▸ **PROBLEM DESCRIPTION**: An exact transcript of the records is what this task asks for.

▸ **EXERCISE INPUTS**:
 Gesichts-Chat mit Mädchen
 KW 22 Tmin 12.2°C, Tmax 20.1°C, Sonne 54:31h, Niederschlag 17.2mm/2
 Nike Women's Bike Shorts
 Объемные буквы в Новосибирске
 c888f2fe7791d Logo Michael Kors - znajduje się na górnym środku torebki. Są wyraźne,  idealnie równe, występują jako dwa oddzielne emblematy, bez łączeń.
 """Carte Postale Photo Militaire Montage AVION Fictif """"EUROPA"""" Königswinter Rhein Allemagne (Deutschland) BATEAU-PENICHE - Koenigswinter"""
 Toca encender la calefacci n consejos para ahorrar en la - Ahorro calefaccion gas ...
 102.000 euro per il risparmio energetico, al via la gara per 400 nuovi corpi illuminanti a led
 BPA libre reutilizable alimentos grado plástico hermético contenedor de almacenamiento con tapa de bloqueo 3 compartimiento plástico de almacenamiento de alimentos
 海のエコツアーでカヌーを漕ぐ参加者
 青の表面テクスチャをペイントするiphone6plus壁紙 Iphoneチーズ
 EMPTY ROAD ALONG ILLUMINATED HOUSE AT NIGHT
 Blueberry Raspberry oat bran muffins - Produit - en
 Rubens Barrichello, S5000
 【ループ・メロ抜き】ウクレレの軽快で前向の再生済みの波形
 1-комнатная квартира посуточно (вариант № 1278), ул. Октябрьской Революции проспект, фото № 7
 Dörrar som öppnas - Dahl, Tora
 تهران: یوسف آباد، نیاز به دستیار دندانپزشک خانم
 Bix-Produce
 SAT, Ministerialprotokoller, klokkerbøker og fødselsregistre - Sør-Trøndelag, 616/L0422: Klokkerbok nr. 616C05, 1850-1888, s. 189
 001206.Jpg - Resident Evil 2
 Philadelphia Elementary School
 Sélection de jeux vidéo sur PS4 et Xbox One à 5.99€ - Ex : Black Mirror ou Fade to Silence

▸ **TASK SOLUTION**:
 Gesichts-Chat mit Mädchen
 KW 22 Tmin 12.2°C, Tmax 20.1°C, Sonne 54:31h, Niederschlag 17.2mm/2
 Nike Women's Bike Shorts
 Объемные буквы в Новосибирске
 c888f2fe7791d Logo Michael Kors - znajduje się na górnym środku torebki. Są wyraźne,  idealnie równe, występują jako dwa oddzielne emblematy, bez łączeń.
 """Carte Postale Photo Militaire Montage AVION Fictif """"EUROPA"""" Königswinter Rhein Allemagne (Deutschland) BATEAU-PENICHE - Koenigswinter"""
 Toca encender la calefacci n consejos para ahorrar en la - Ahorro calefaccion gas ...
 102.000 euro per il risparmio energetico, al via la gara per 400 nuovi corpi illuminanti a led
 BPA libre reutilizable alimentos grado plástico hermético contenedor de almacenamiento con tapa de bloqueo 3 compartimiento plástico de almacenamiento de alimentos
 海のエコツアーでカヌーを漕ぐ参加者
 青の表面テクスチャをペイントするiphone6plus壁紙 Iphoneチーズ
 EMPTY ROAD ALONG ILLUMINATED HOUSE AT NIGHT
 Blueberry Raspberry oat bran muffins - Produit - en
 Rubens Barrichello, S5000
 【ループ・メロ抜き】ウクレレの軽快で前向の再生済みの波形
 1-комнатная квартира посуточно (вариант № 1278), ул. Октябрьской Революции проспект, фото № 7
 Dörrar som öppnas - Dahl, Tora
 تهران: یوسف آباد، نیاز به دستیار دندانپزشک خانم
 Bix-Produce
 SAT, Ministerialprotokoller, klokkerbøker og fødselsregistre - Sør-Trøndelag, 616/L0422: Klokkerbok nr. 616C05, 1850-1888, s. 189
 001206.Jpg - Resident Evil 2
 Philadelphia Elementary School
 Sélection de jeux vidéo sur PS4 et Xbox One à 5.99€ - Ex : Black Mirror ou Fade to Silence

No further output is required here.